この人は僕の過去を観ている。確かに人の想像し得ない

苦悩を体験した日浦。だが愚かにも僕は言い返した。

「世界には、もっと苦しんだ人がいるからね」と。

すると、

「いいえ!あなたほど苦しんだ人は誰もいません!」

むきになった紫蓮さんに驚いた元スタッフ。目の前に

いて、大粒の涙を流している人は、僕の遠い過去世を

透視しているのだ。遥かな遥かな太古の過去を。

 

太古のエイリアン

それはそれは、遠い昔、他の銀河系から幾種類もの

エイリアンが地球へやってきた。宇宙を自由に遊泳

するエイリアンには、地球は最も美しい星なのだ。

他から飛来した彼らは、人の姿をした神々だった。

魂の歴史は時の始まりを持たない。

人に生まれた当初から、彼らは高度な知性を抱いて

いる。それが地球人類と大きく異なる点だ。

彼らは魂の本性を物質として表現する知性があった。

エネルギーの物質化であった。

やがて、エイリアン同士の戦いが地上に勃発する。

また地球人類を支配下に置こうとするエイリアンが

いて人類の奪い合いも生じた。地球人の知性では、

彼らと戦うすべを持たない。それは、シュメールの

文明より、もっともっと太古の時代だ。それを思い

出すことの出来る人は真我を悟った紫蓮さんのみ。

太古の時代、幾度かポールシフトが起こり、加えて

太陽フレアも生じ、地上のあらゆるものがマグマの

中に熔解していった。

エイリアンという異星人。彼らとて、原質から成る

唯一の存在だ。そうでありながら地球人類を支配下に

置こうとする。そんな彼らに対し、それを阻止しよう

とする仲間のエイリアンは誰もいなかった。

 

孤高のエイリアン

だが、いつの頃か、唯ひとり、人類支配に反旗を

翻したエイリアンが現れた。だが彼は、戦うという

想念を持っていなかった。だから仲間たちから打ち

のめされ続けた。それでも、敵対者を憎むと言う

想念さえも持っていなかった。彼は、あまりにも

純粋だったのだ。

人類を自由にしたいと思うゆえ、仲間のエイリアンと

戦わざるを得なかった彼は、数万の敵に対し、ただ

ひとりだった。
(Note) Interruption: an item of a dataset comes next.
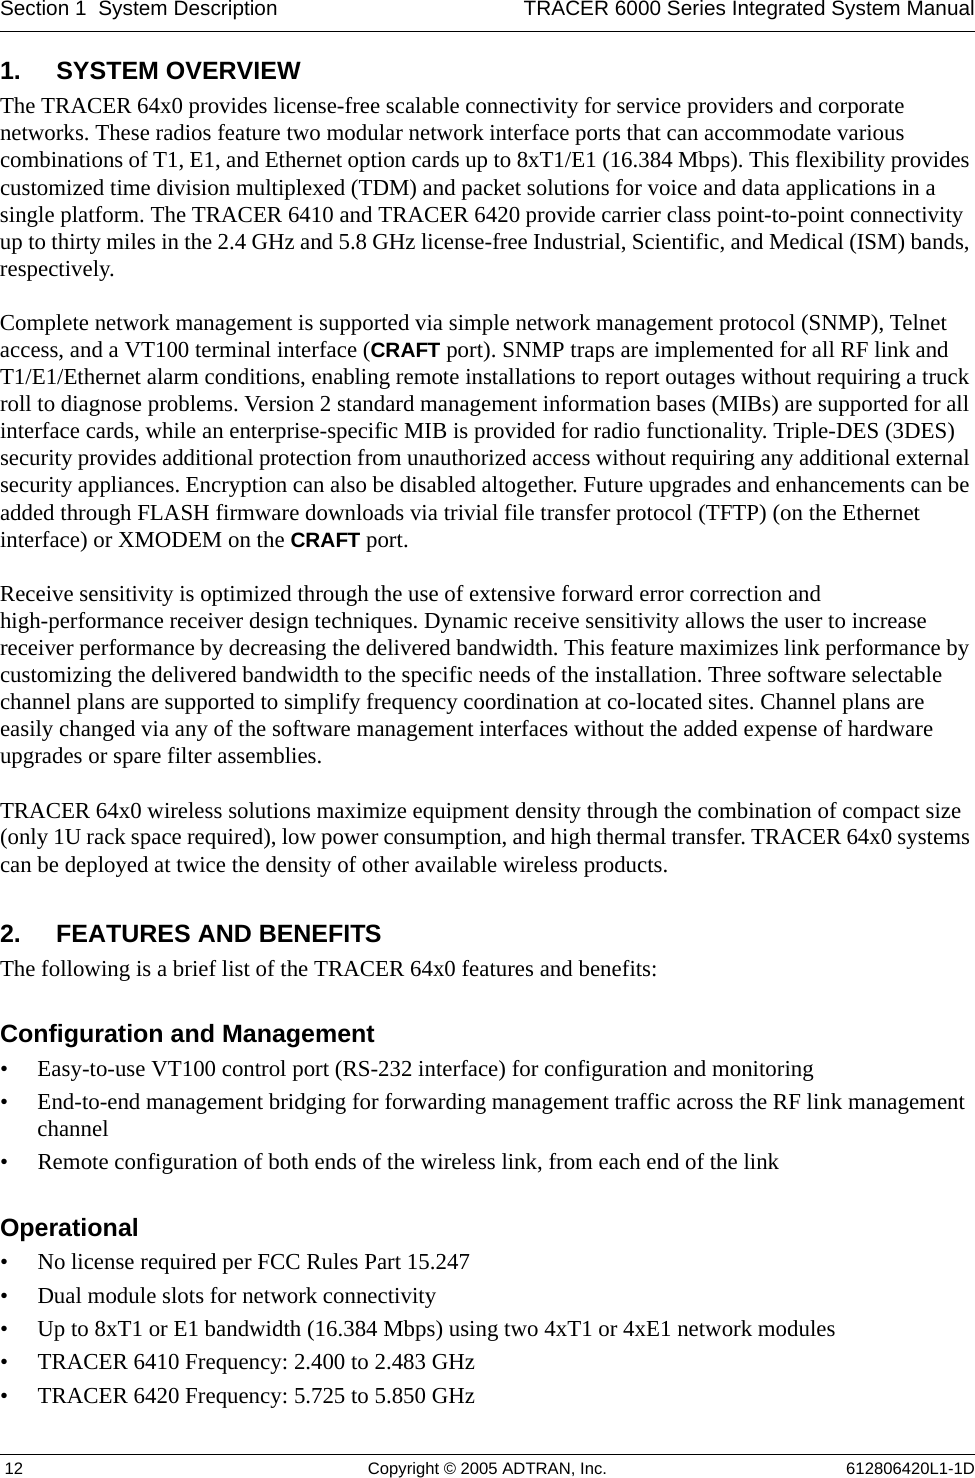 Section 1  System Description TRACER 6000 Series Integrated System Manual 12 Copyright © 2005 ADTRAN, Inc. 612806420L1-1D1. SYSTEM OVERVIEWThe TRACER 64x0 provides license-free scalable connectivity for service providers and corporate networks. These radios feature two modular network interface ports that can accommodate various combinations of T1, E1, and Ethernet option cards up to 8xT1/E1 (16.384 Mbps). This flexibility provides customized time division multiplexed (TDM) and packet solutions for voice and data applications in a single platform. The TRACER 6410 and TRACER 6420 provide carrier class point-to-point connectivity up to thirty miles in the 2.4 GHz and 5.8 GHz license-free Industrial, Scientific, and Medical (ISM) bands, respectively.Complete network management is supported via simple network management protocol (SNMP), Telnet access, and a VT100 terminal interface (CRAFT port). SNMP traps are implemented for all RF link and T1/E1/Ethernet alarm conditions, enabling remote installations to report outages without requiring a truck roll to diagnose problems. Version 2 standard management information bases (MIBs) are supported for all interface cards, while an enterprise-specific MIB is provided for radio functionality. Triple-DES (3DES) security provides additional protection from unauthorized access without requiring any additional external security appliances. Encryption can also be disabled altogether. Future upgrades and enhancements can be added through FLASH firmware downloads via trivial file transfer protocol (TFTP) (on the Ethernet interface) or XMODEM on the CRAFT port.Receive sensitivity is optimized through the use of extensive forward error correction and high-performance receiver design techniques. Dynamic receive sensitivity allows the user to increase receiver performance by decreasing the delivered bandwidth. This feature maximizes link performance by customizing the delivered bandwidth to the specific needs of the installation. Three software selectable channel plans are supported to simplify frequency coordination at co-located sites. Channel plans are easily changed via any of the software management interfaces without the added expense of hardware upgrades or spare filter assemblies.TRACER 64x0 wireless solutions maximize equipment density through the combination of compact size (only 1U rack space required), low power consumption, and high thermal transfer. TRACER 64x0 systems can be deployed at twice the density of other available wireless products.2. FEATURES AND BENEFITSThe following is a brief list of the TRACER 64x0 features and benefits:Configuration and Management• Easy-to-use VT100 control port (RS-232 interface) for configuration and monitoring• End-to-end management bridging for forwarding management traffic across the RF link management channel• Remote configuration of both ends of the wireless link, from each end of the linkOperational• No license required per FCC Rules Part 15.247• Dual module slots for network connectivity• Up to 8xT1 or E1 bandwidth (16.384 Mbps) using two 4xT1 or 4xE1 network modules• TRACER 6410 Frequency: 2.400 to 2.483 GHz• TRACER 6420 Frequency: 5.725 to 5.850 GHz
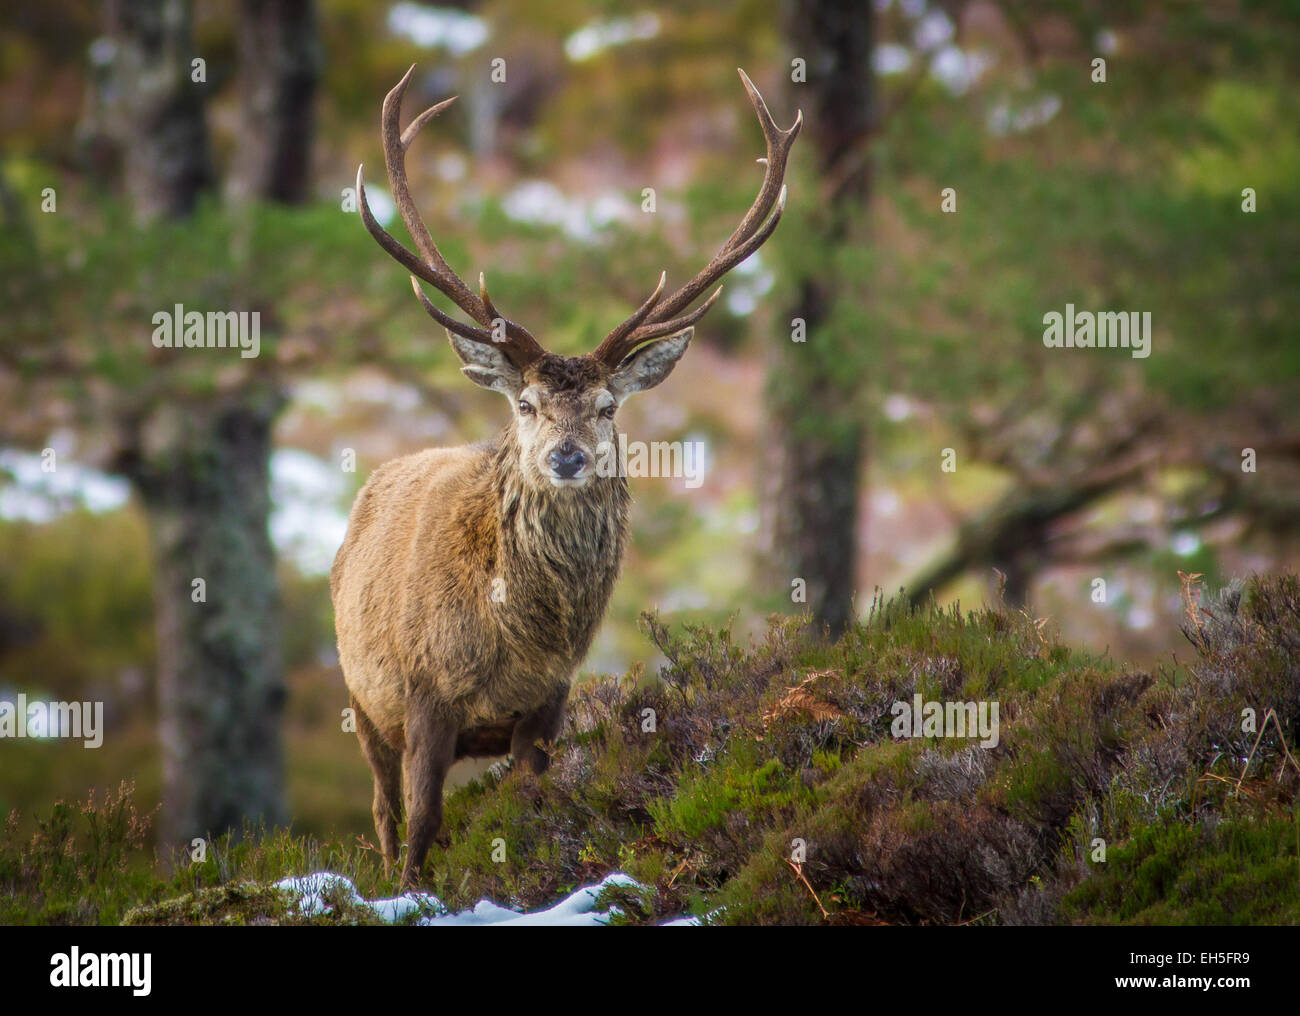 Wild Red deer Stag in a forest, Glen cannich, Scotland Stock Photo

そんな彼に味方する仲間もいたが、

圧倒的多数のエイリアンを見れば、みな逃げ出す始末。

無理もない。

 

地上の幾多転生において、孤高の彼は、やがて戦いに

勝利するという想念を生み出し、今まで仲間であった

エイリアンとの戦いを受けて立った。お互い不滅の存在

だから戦いに終わりが無く、熾烈な戦いは、幾世代も

繰り返された。その熾烈な戦いは、奴隷化された地上の

人類が解放されるというその日まで、気の遠くなるほど

の時代をまたいで成し遂げられるものだ。

この時代、この21世紀に日浦が地上に生まれたのは、

人類の奴隷解放を成し遂げるための最終戦争のためだ。

 

比類なき解放のパワー

だから孤高の彼は、数万の神々であるエイリアンを

打ち倒すことの出来る、という巨大なる解放の力、

つまり、エイリアン等とは桁違いの救済のパワーを

欲した。その様な無限的な力無くして、彼らと戦う

ことが出来ないのだから。そして、限界なき破天荒な

力、パワーの獲得に向けて、彼は想像を絶する厳しい

霊的修練を繰り返し行いつつ、エイリアンとの戦いに

挑んだのであった。それこそ、想像を絶する苦悩の

連続体験であった。

 

やがて孤高の彼は、遂に強大なるパワーを獲得した。

それは、他のエイリアン達の力を凌駕した凄まじい

力であった。しかし、それでも地上には、神々という

エイリアンに奴隷化されていながら、自由を渇望する

魂の群れがある。

そんな魂群を救済するには、先ずは、エイリアンの

支配と妨害から逃れなければならない。どうやって

エイリアン等の支配と妨害から逃れることが出来る

のか?

孤高の彼は、誰にも出来ない荒技を考えたのだ。

それは、いったいどんな荒業なのか。

彼自身の中に莫大な数の魂達を抱え込み、そのまま

自ら地上へ下生するという業である。地上の肉体を

持ったまま、自ら解脱を果たし、抱え込んだ彼らを

解脱させる、という破天荒な戦術を見出したのだ。

他の魂を自分の中に抱え込むこと自体、誰も出来ない

荒業なのだ。自分の中に魂の抱え込みができる存在は

いない。

その抱え込む魂の数たるや、1千個を超えたのだ。

抱え込んだ魂達を解放するために、彼は幾度も地上への

下生を繰り返したのであった。これが「日浦さん、

あなたほど苦しんだ人は、他に誰もいません」という

理由のひとつであった。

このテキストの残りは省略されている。